Now that objasm 4 is out, I think one of the things I’ll try doing over the next few weeks is putting this code into SoundDMA. It’ll be interesting to see how much faster it is in practice (although I doubt anyone will be able to notice the difference!)

Sep 22, 2011 12:03am

Steve Revill (20) 1393 posts

I think you might want a few of those VSTIMA instructions to say VSTMIA. I know nothing of the ARMv7 instruction set yet (embarrassingly) so I’ll pass on making any useful observations.

Sep 22, 2011 12:38pm

Jeffrey Lee (213) 6048 posts

I think you might want a few of those VSTIMA instructions to say VSTMIA

Well spotted!

I know nothing of the ARMv7 instruction set yet (embarrassingly) so I’ll pass on making any useful observations.

Although I haven’t had much chance to test the code I’ve been writing, I think I’m now pretty familiar with the NEON instruction set. It looks like it’s pretty powerful, although there are a couple of caveats to be aware of – e.g. different instructions have different sets of immediate constants available, there’s a 20 or so cycle delay/stall to transfer NEON registers to ARM registers, you need to be careful not to mix NEON instructions with VFP instructions because it’ll cause the NEON/VFP pipeline to flush, etc.

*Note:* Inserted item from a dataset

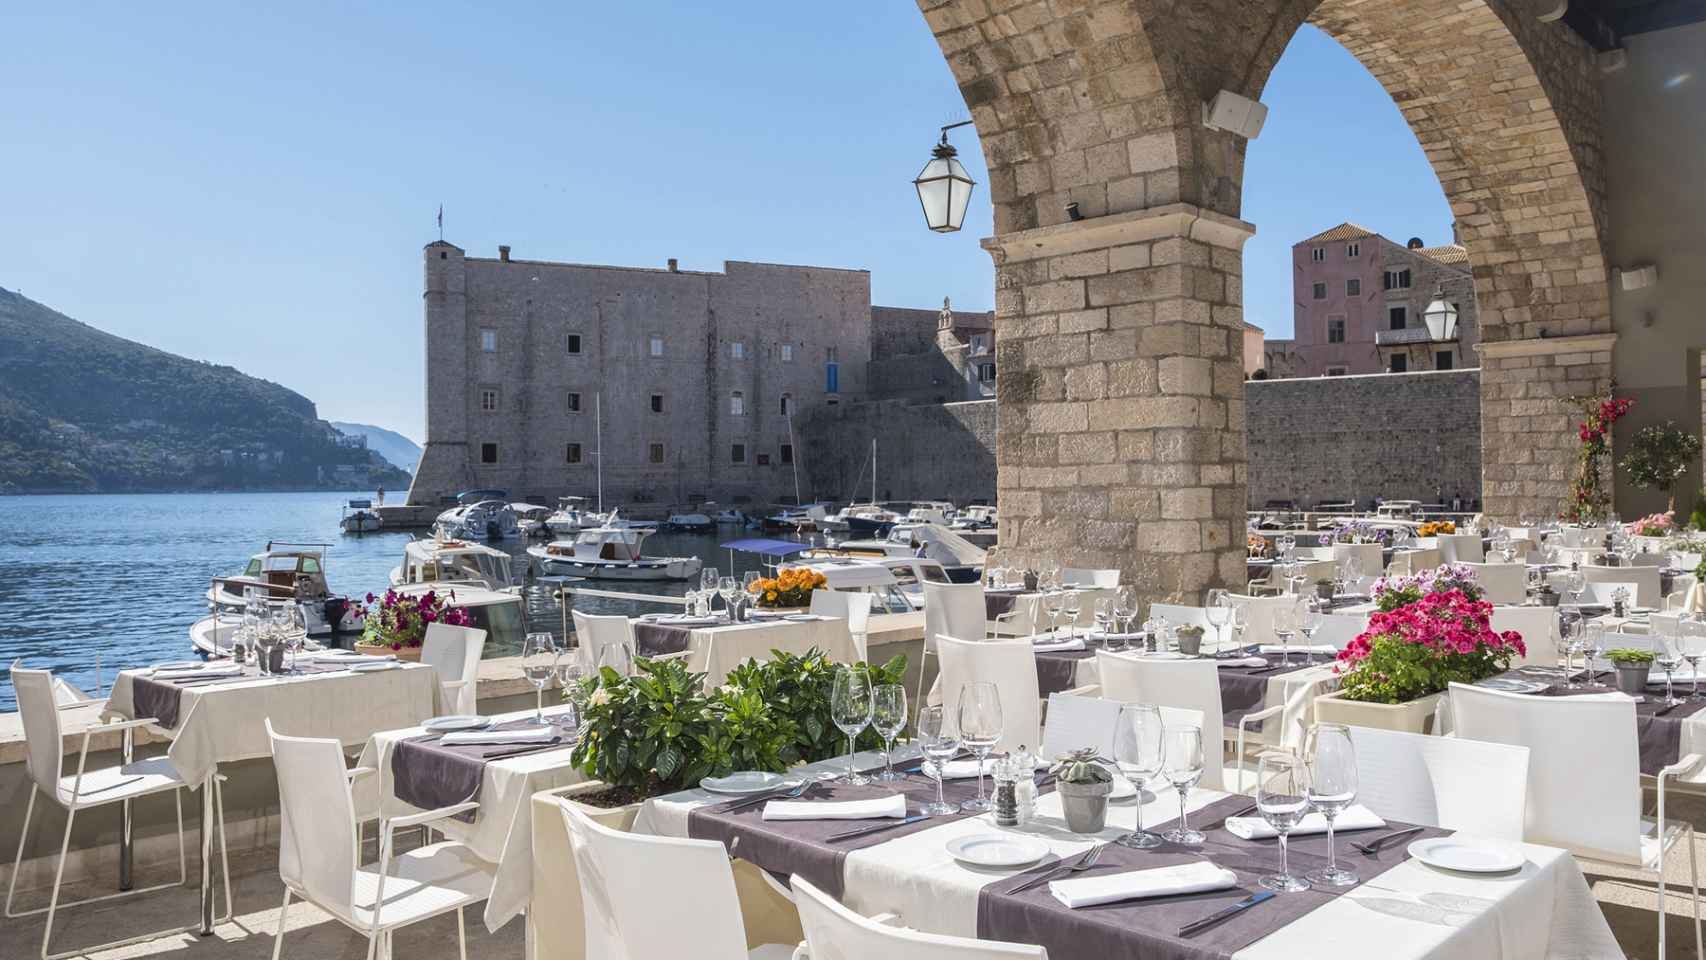 La terraza del restaurante Arsenal ofrece unas vistas espectaculares al puerto de Dubrovnik

About the only thing I can think of that’s missing is a version of the VEXT instruction which uses a register (scalar) index/shift amount instead of an immediate constant. This would be very useful for situations where you need to consume a stream of source data at a variable rate. E.g. I’ve been working on some NEON optimised sound code for ArcEm. Although the log → linear code will be pretty much as above, the mixing of the stereo channels needs to be completely different, since there’s no surefire way for the emulator to determine how many channels are actually in use. So I’m ending up modeling something which is a bit closer to how the actual hardware worked. Plus it needs to perform samplerate conversion to whatever arbitrary sample rate the host is running at. The end result is that each destination sample could be formed from anywhere between 8 and 16 source samples (assuming a maximum of 8x downsampling), and it consumes the source samples at a variable rate. Not being able to use VEXT to step through the source data means that I’m unable to perform the log → linear conversion on-the-fly. Instead there needs to be one pass for log→linear conversion, which writes the data to a temporary buffer, and then the second pass for the mixing and samplerate conversion – which will have to load 16*2 samples of source data for each iteration of the loop! Admittedly 99% of the data will be in the cache, and the mixing/sample rate conversion loop is probably long enough for me to hide the load delay, but it’s not the most elegant solution compared to just using VEXT (or perhaps VSLI) to shift in a couple of quadwords of new data every so often. Although I’m not even sure if there are enough registers available for a combined loop.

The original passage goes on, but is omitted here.